Japanese manga series

Pluto: Urasawa x Tezuka (stylized in all caps), or simply Pluto, is a Japanese manga series written and illustrated by Naoki Urasawa. It was serialized in Shogakukan's seinen manga magazine Big Comic Original from September 2003 to April 2009, with its chapters collected into eight tankōbon volumes. The series is based on Osamu Tezuka's Astro Boy, specifically "The Greatest Robot on Earth" story arc, and named after the arc's chief villain. Urasawa reinterprets the story as a suspenseful murder mystery starring Gesicht, a Europol robot detective trying to solve the case of a string of robot and human deaths. Takashi Nagasaki is credited as the series' co-author. Macoto Tezka, Tezuka's son, supervised the series, and Tezuka Productions is listed as having given cooperation.
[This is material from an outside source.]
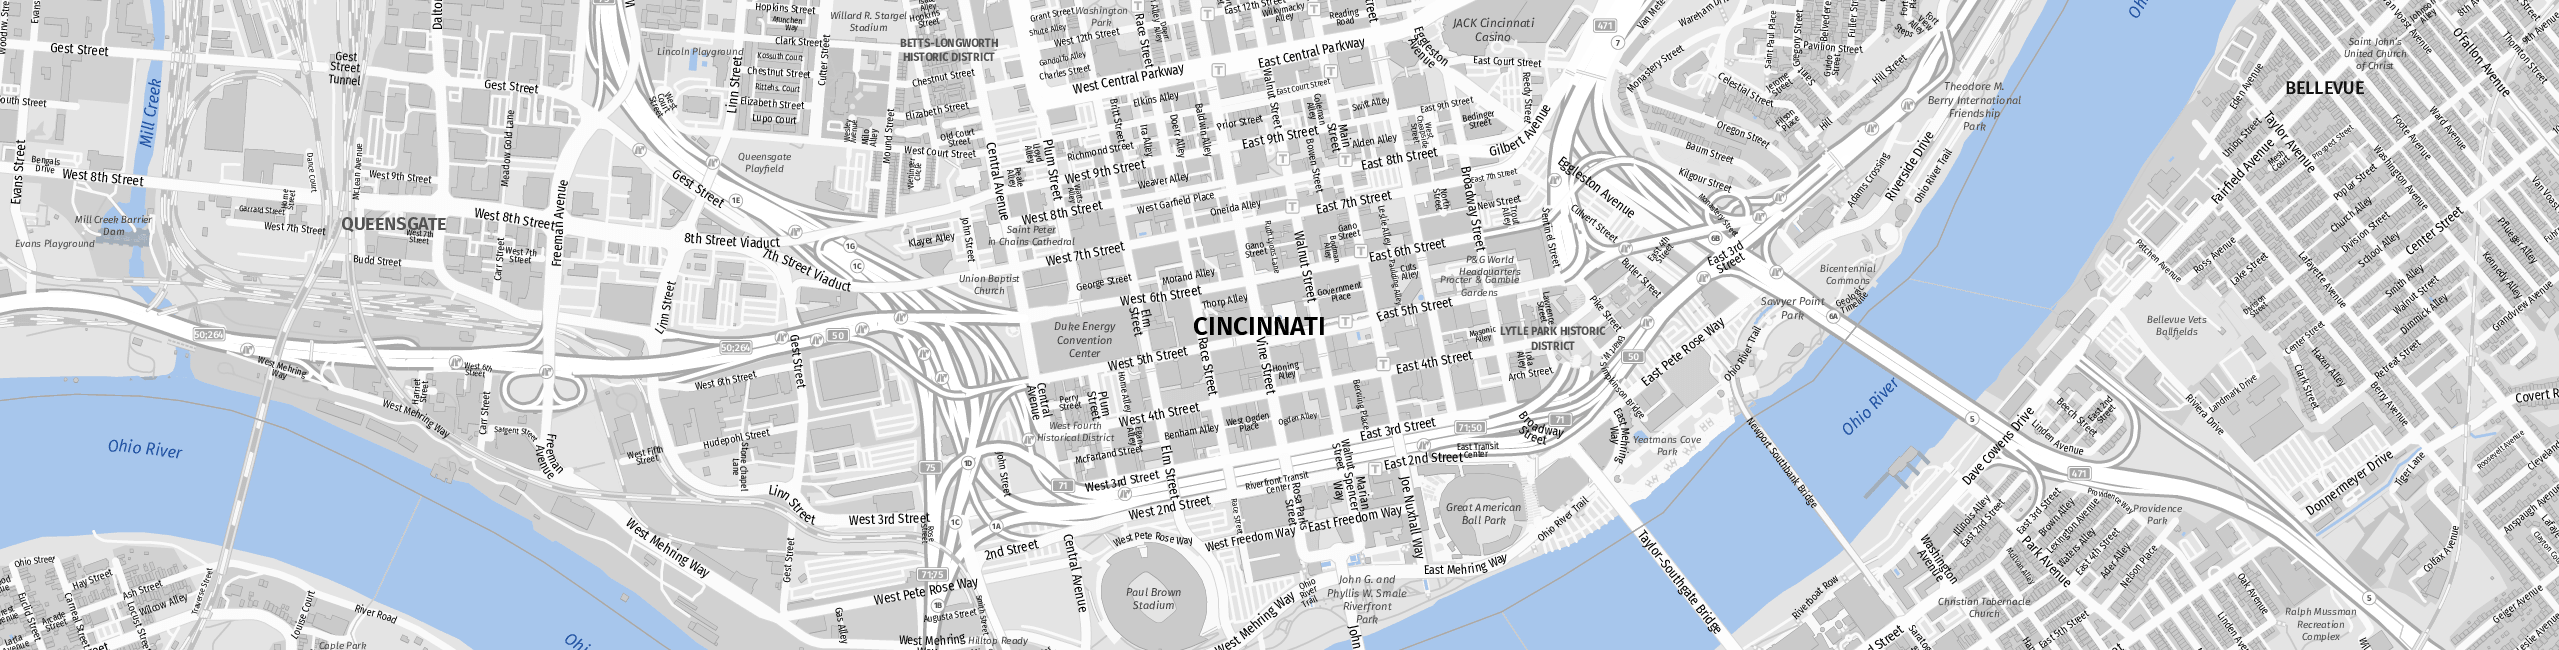 Stadtplan Cincinnati zum Downloaden.

The series was licensed and released in English in North America by Viz Media. A play adaptation directed by Sidi Larbi Cherkaoui opened in January 2015 and has been performed internationally. An original net animation (ONA) adaptation, produced by Genco with animation production services by Studio M2, premiered in its entirety on Netflix in October 2023.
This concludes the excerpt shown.